What we do here is that we find out the number of days +1 between the End Date and Start Date, and then with this number we’re able to know how many rows we need to add in to act as the scaffold. We can do this with, in the context of the Bicycle rental dataset we’ve been using, the following expression, which can be used when adding a column to the dataset. We’ll call this column ‘Duration’:
Duration.Days([End Date] – [Start Date])+1
As described in the paragraph above, this expression is finding the number of days between the End Date and the Start Date, with 1 being added to that final number since rentals start on the day of purchase, rather than the day after.
With this information now, we can pretty much go into the scaffolding process. What we’ll do is add another column to our dataset, but this time with the following expression, naming the column as ‘Date’:
List.Dates([Start Date], [Duration], #duration(1,0,0,0))
This expression broken down can be understood as being relatively similar to a DateAdd expression, where the date that you’re specifying in the expression is the ‘Start’ date. It can be seen as the starting point of where you’re adding rows of data to. The [Duration] part of the expression is the number of rows that you want added. Since in our example, that duration column has the number of days between the end date and the start date, we can use this as this part of the expression since that has the correct number of rows we’ll need added. Finally the ‘#duration’ part of the expression is how we tell it what sort of date increments we’ll be needing, e.g. days, hours or minutes. With the #duration command’s structure, we’ve put the following into the brackets for the command – 1,0,0,0. The order here is in the format of Days, Hours, Minutes and Seconds. We’ve put a 1 in the ‘Days’ section of the command as we just want an increase in 1 day for each date added, with zeroes thrown in for the other 3 options since we don’t need increases in those sections.

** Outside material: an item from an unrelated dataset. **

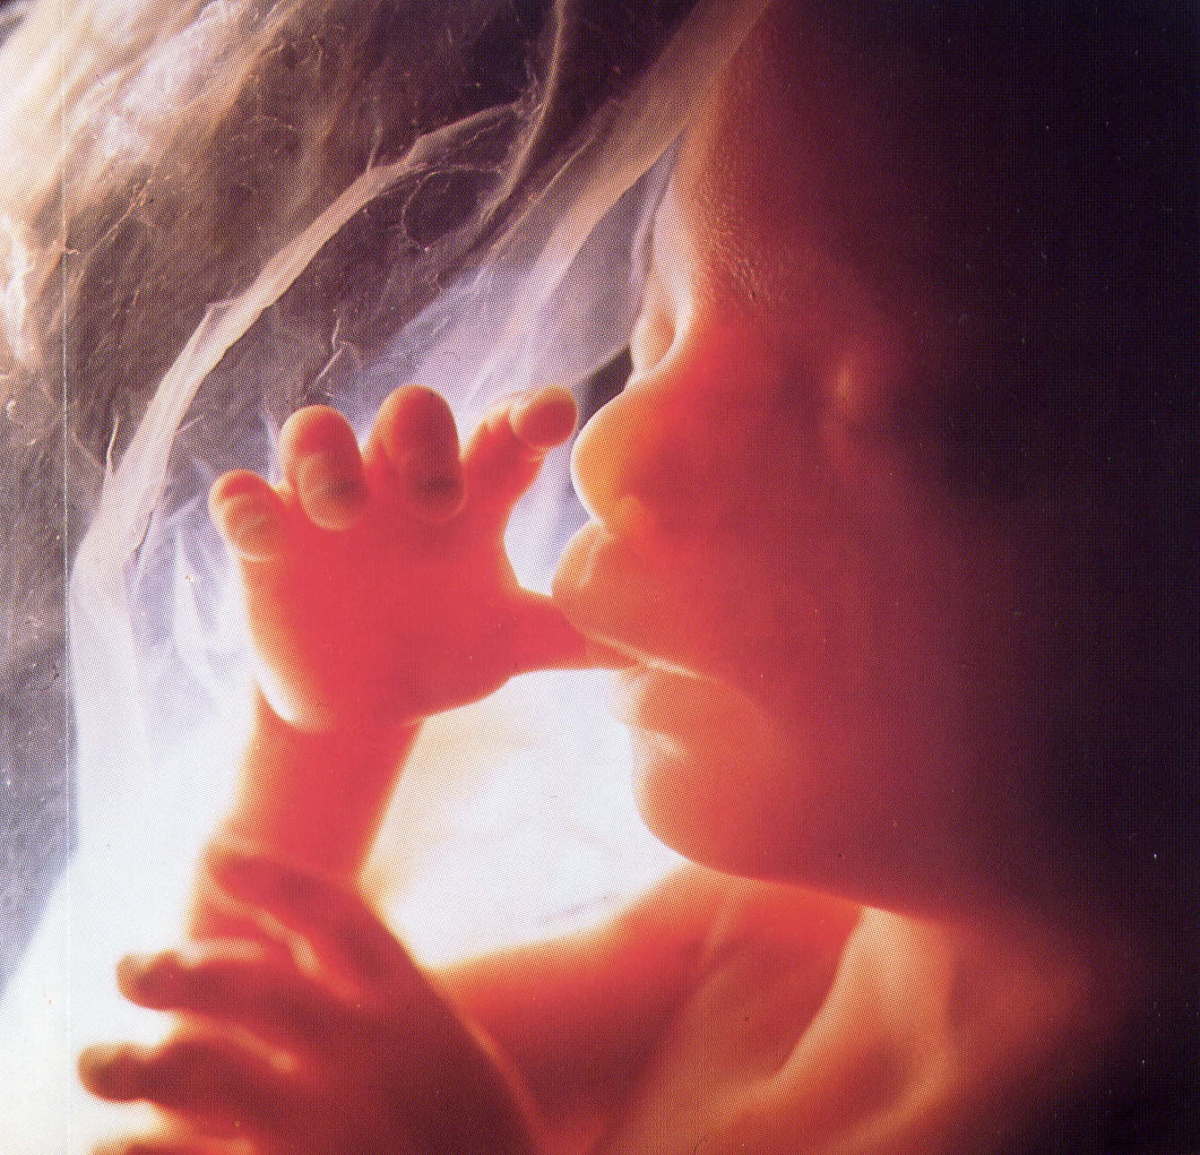 HUMAN BEING IN THE WOMB OF ITS MOTHER

Once this column has been added to the dataset, you’ll just need to expand it out to rows and you’ll then see a familiar sight – scaffolded date data. Here’s how our data looks at the end of this process:
![](https://www.thedataschool.co.uk/content/images/2024/08/image-3.png)
Hopefully this has helped with understanding a couple ways to scaffold your data in PowerBI and when you would typically go about doing it. Happy scaffolding!